Não é coincidência que os casos de Ted Stevens e Lula sejam parecidos, diz o advogado Cristiano Zanin Martins, que defende o ex-presidente na “lava jato”. Na análise dele, são capítulos da mesma história. Zanin acaba de lançar, junto com os advogados Valeska Teixeira Martins e Rafael Valim o livro Lawfare: uma introdução, em que conceitua esse tipo de processo judicial carregado de contexto político e misturado com objetivos geopolíticos.
De acordo com os autores, lawfare, que é traduzido em círculos militares como guerra jurídica, “é o uso estratégico do Direito para fins de deslegitimar, prejudicar ou aniquilar o inimigo”. Lula não é o primeiro nem o único caso de vítima de lawfare no mundo, mas é o mais recente, diz Zanin, em entrevista exclusiva à ConJur.
A “lava jato”, analisa o advogado, é uma ferramenta de lawfare, e não meramente um processo penal. Na verdade, diz ele, o método de trabalho dos procuradores de Curitiba “impede o real combate à corrupção”.
Para Zanin, o modelo de força-tarefa alimentado por delações premiadas não serve à realização de justiça ou descoberta da verdade. Serve para “botar narrativas de pé”. “Os acordos são assinados para confirmar as teses acusatórias, e não para revelar o que aconteceu e mostrar o caminho para se chegar aos responsáveis”, afirma o advogado.
Cristiano Zanin Martins é, junto com a advogada Valeska Teixeira, advogado de Lula desde o início da “lava jato”. É formado em Direito pela PUC de São Paulo com especialização em Processo Civil e membro da International Bar Association (IBA).
Leia a entrevista:
ConJur —- O livro defende a tese de que as acusações que pesam contra o ex-presidente Lula são um caso de lawfare, é isso?

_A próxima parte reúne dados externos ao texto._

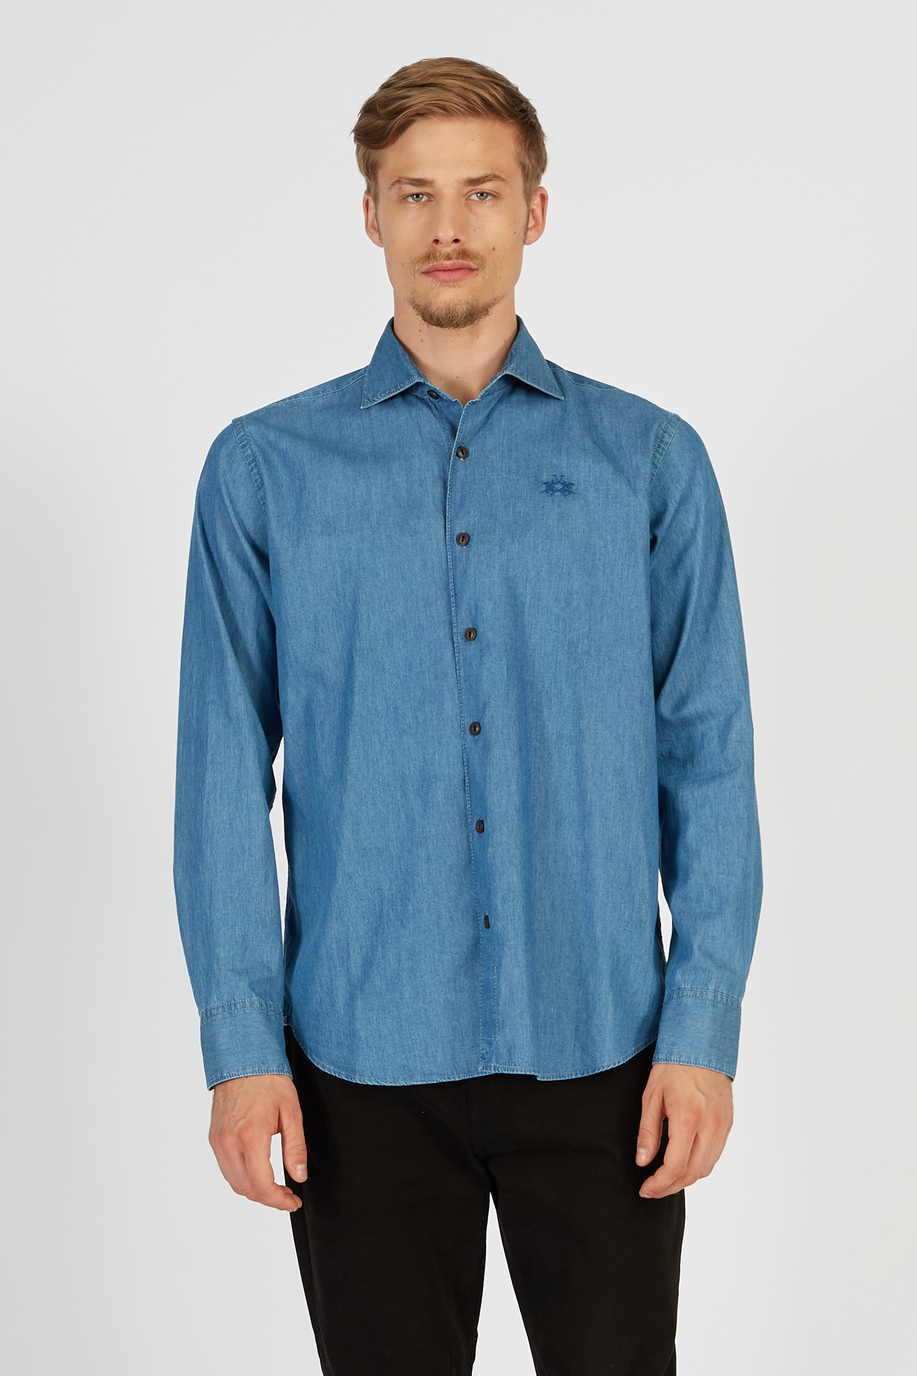 Men’s Timeless denim shirt with regular fit long sleeves - Shirts | La Martina - Official Online Shop
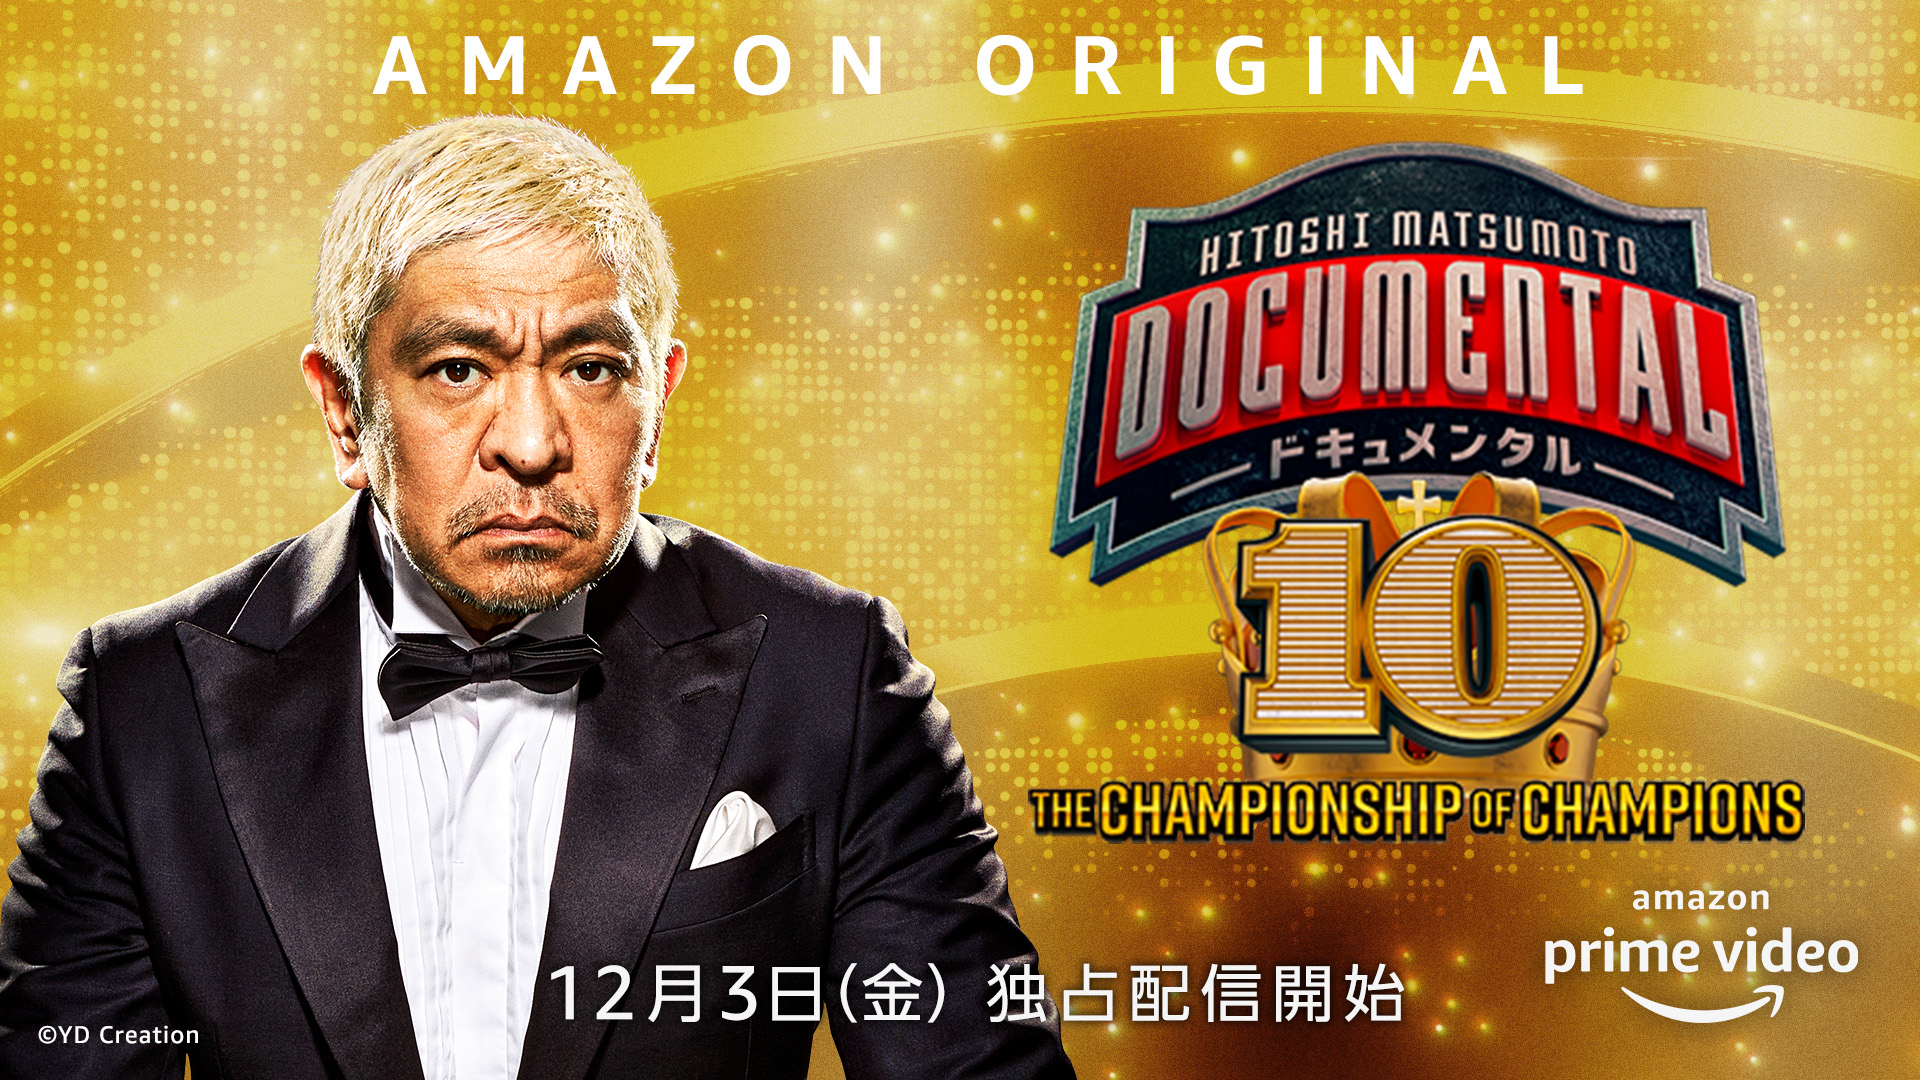 Hitoshi Matsumoto Presents ドキュメンタル シーズン10 6人の歴代王者が集結する 初の チャンピオン大会 が開催決定 アマゾンジャパン合同会社のプレスリリース

Cristiano Zanin Martins —- Na verdade, o livro é conceitual. É uma introdução ao debate sobre o tema e contamos alguns casos de como o lawfare acontece. O caso Lula é um deles. Também contamos o caso da Siemens, que sofreu diversos processos, com base na FCPA [lei de corrupção internacional dos EUA], em reação a uma relação comercial com o Irã, furando o embargo comercial dos Estados Unidos. Outro caso é o do ex-senador republicano Ted Stevens. Ele seria um voto decisivo numa votação importante no Congresso dos EUA [a aprovação do plano de saúde público Medicare for All, conhecido como Obamacare] e passou a ser alvo de diversas acusações e investigações, tudo sem materialidade, mas que conseguiram impedi-lo de participar as eleições e de ser reeleito, desequilibrando o jogo. Esse caso é muito parecido com o do presidente Lula.
ConJur —- Por quê?
Cristiano Zanin Martins —- A acusação é de que ele teria recebido propina por meio da reforma de um chalé no Alasca e essa propina viria de uma empresa do ramo de petróleo e gás. O script é exatamente o mesmo. O que a gente conta no livro é que o lawfare não é um fenômeno que atinge apenas a política ou apenas o campo da esquerda. O caos da Siemens é um lawfare com fins comerciais. Ted Stevens era um senador do Partido Republicano [o senador morreu em 2010, num acidente de avião].
ConJur —- E todos os casos têm a ver com os EUA?
Cristiano Zanin Martins —- Sempre os EUA e sempre o mesmo grupo de procuradores do Departamento de Justiça. Que é o mesmo grupo que atuou na “lava jato”.
ConJur —- E sempre por meio da FCPA?
Cristiano Zanin Martins —- O conceito que a gente propõe de lawfare é o do uso estratégico do Direito para fins de perseguição política, mas também para fins geopolíticos, militares e comerciais. A gente parte de conceitos da guerra convencional, em que primeiro acontece a escolha do campo de batalha — no lawfare, da jurisdição mais favorável —, a escolha das armas — no lawfare, são as leis, a propaganda — e as externalidades.
ConJur —- O que são externalidades?
Cristiano Zanin Martins —- São os meios para viabilizar essa guerra jurídica para que ela se torne aceitável perante a população e a opinião pública. Para isso, sobretudo, é usada a imprensa para viabilizar outras táticas também, incluindo as operações psicológicas.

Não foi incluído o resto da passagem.